The Republican war critic

Today's GOP demonizes any dissent, but one of its most influential forebears openly criticized WWII plans -- and just 12 days after Pearl Harbor.

Published March 19, 2002 10:23PM (EST)

When Senate Majority Leader Tom Daschle said on Feb. 28 that Democrats would start "to ask the tough questions" about President Bush's war strategy, Republicans reacted predictably.

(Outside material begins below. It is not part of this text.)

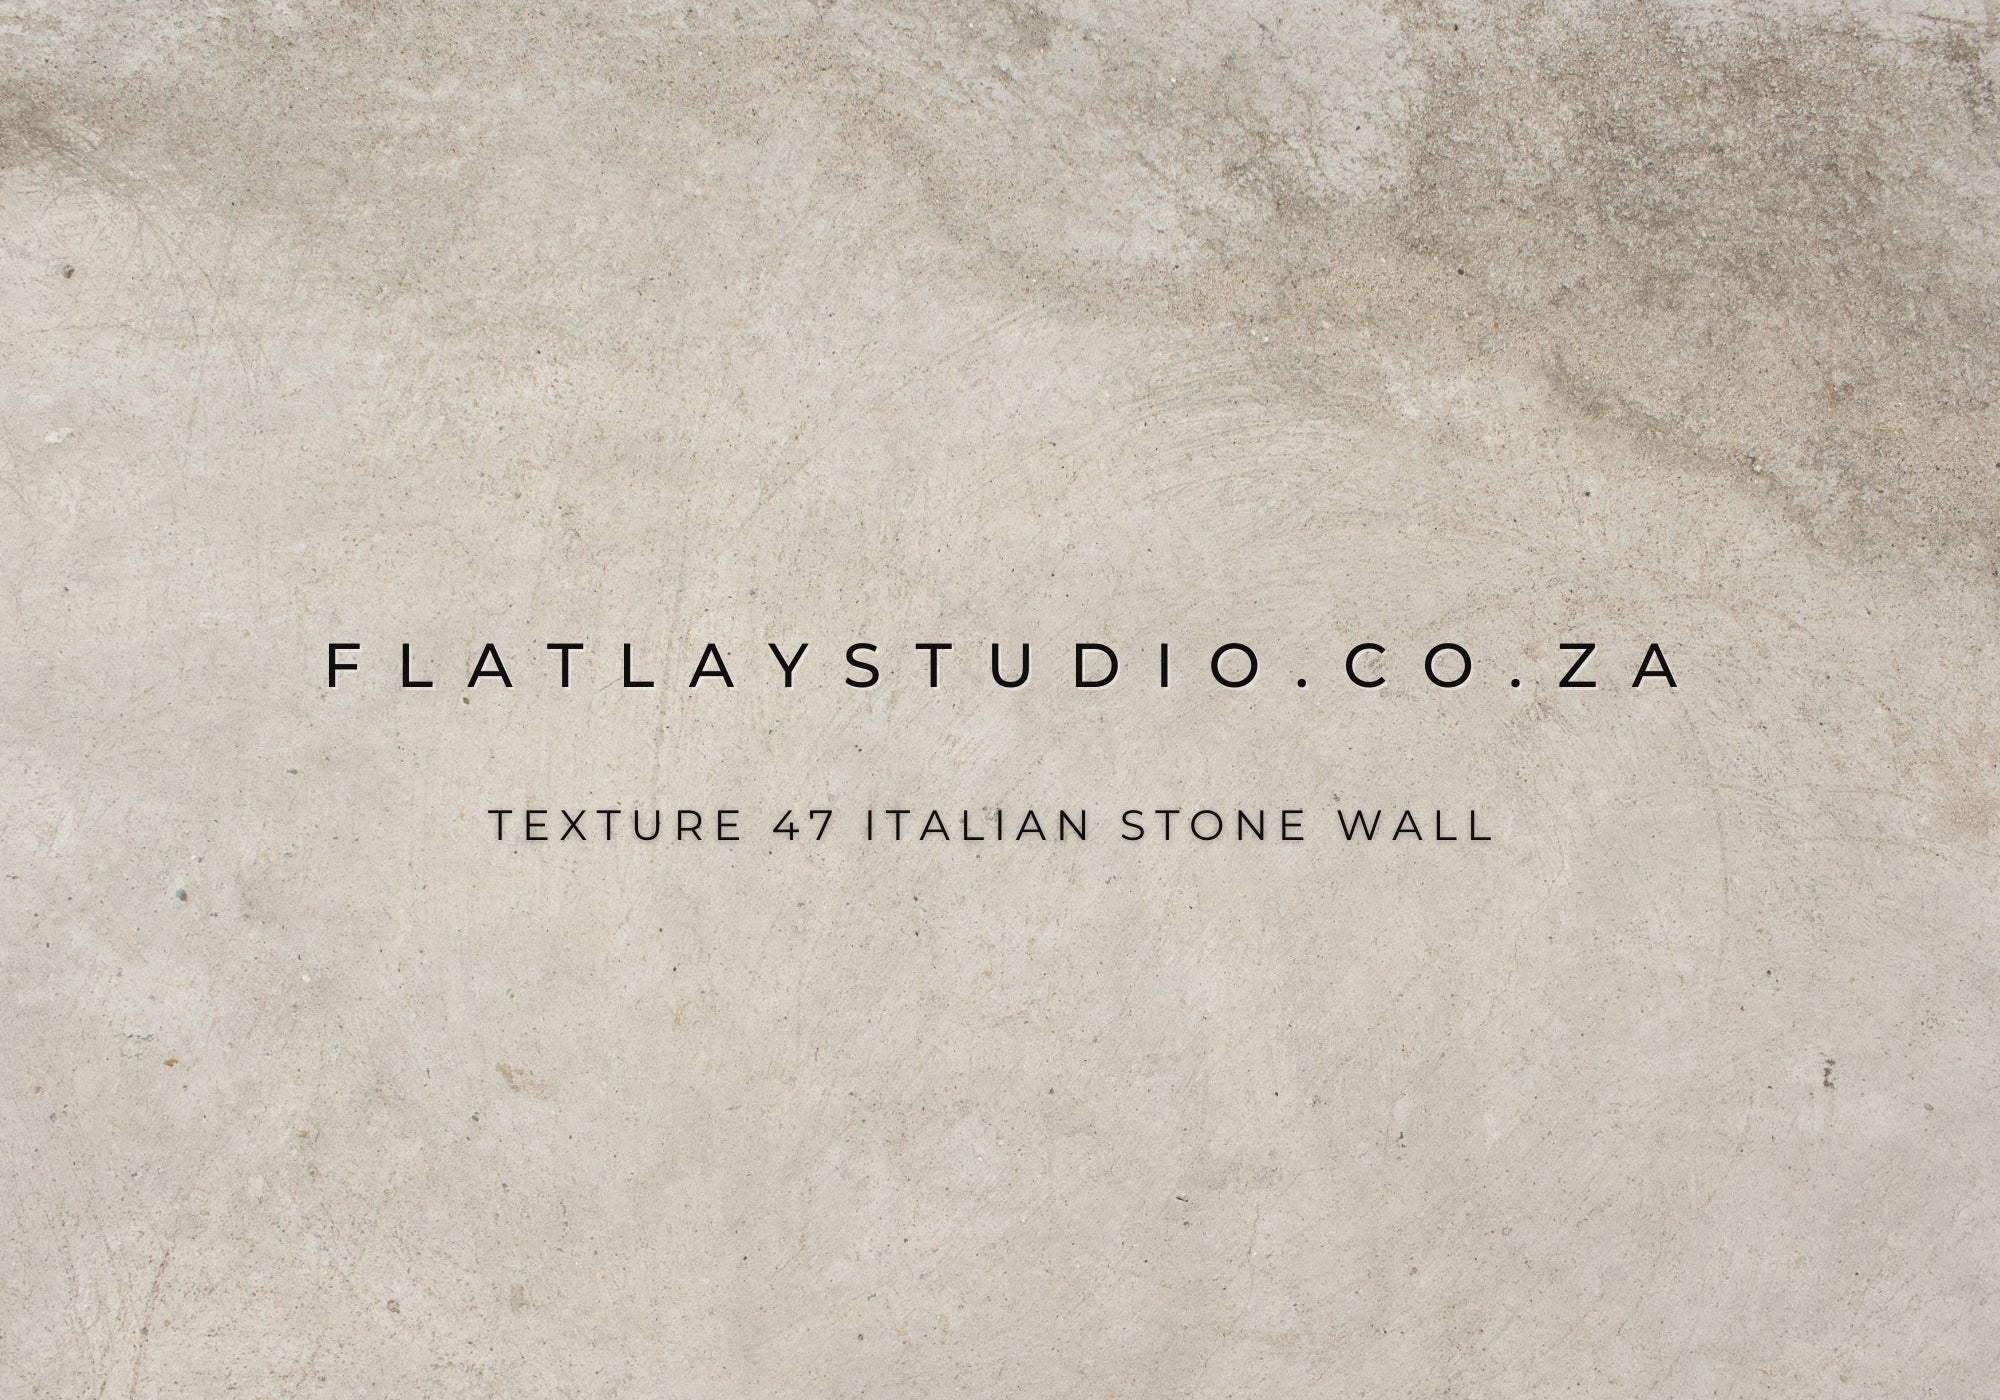 Texture 47 Italian Stone Wall - FlatlayStudio Flatlay Styling Board

Trent Lott accused Daschle of "trying to divide the country." Tom DeLay issued a one-word press release: "Disgusting." Bill Frist, the Tennessee senator who chairs the GOP's senatorial campaign arm, called Daschle's words "thoughtless" and "ill-timed." The charge amounted to something just this side of giving aid and comfort to the enemy.

They've since calmed themselves a bit, but the intensity of their choler raises a fair question: Were Daschle's remarks -- not a formal speech or even a press release, but rather a few sentences in response to some questions toward the end of a press conference that he'd called to discuss other topics -- so shockingly without precedent in American history that those blunt reproaches were deserved? More than that, what does history tell us about the appropriate parameters of loyal opposition after America has been attacked and while U.S. soldiers are at battle?

It turns out there is precedent for Daschle's position. That precedent comes from the aftermath of Pearl Harbor, the most direct analogy in our history to Sept. 11. And it comes, wouldn't you know it, from a Republican. And not just any Republican, but the icon of modern conservatism who was known during his lifetime as "Mr. Republican."

Ohio Sen. Robert A. Taft was a devoted conservative, an adversary of the New Deal, a spirited isolationist and, by 1952, the man whom the right, which harbored grave suspicions about the moderate Eisenhower's internationalist tendencies, was backing for the presidency. While he tended to focus his legislative labors on domestic issues, Taft -- his son and namesake is now Ohio's governor -- had made his isolationist views well known throughout the 1930s, and no GOP leader of the day had greater influence over his party's right wing.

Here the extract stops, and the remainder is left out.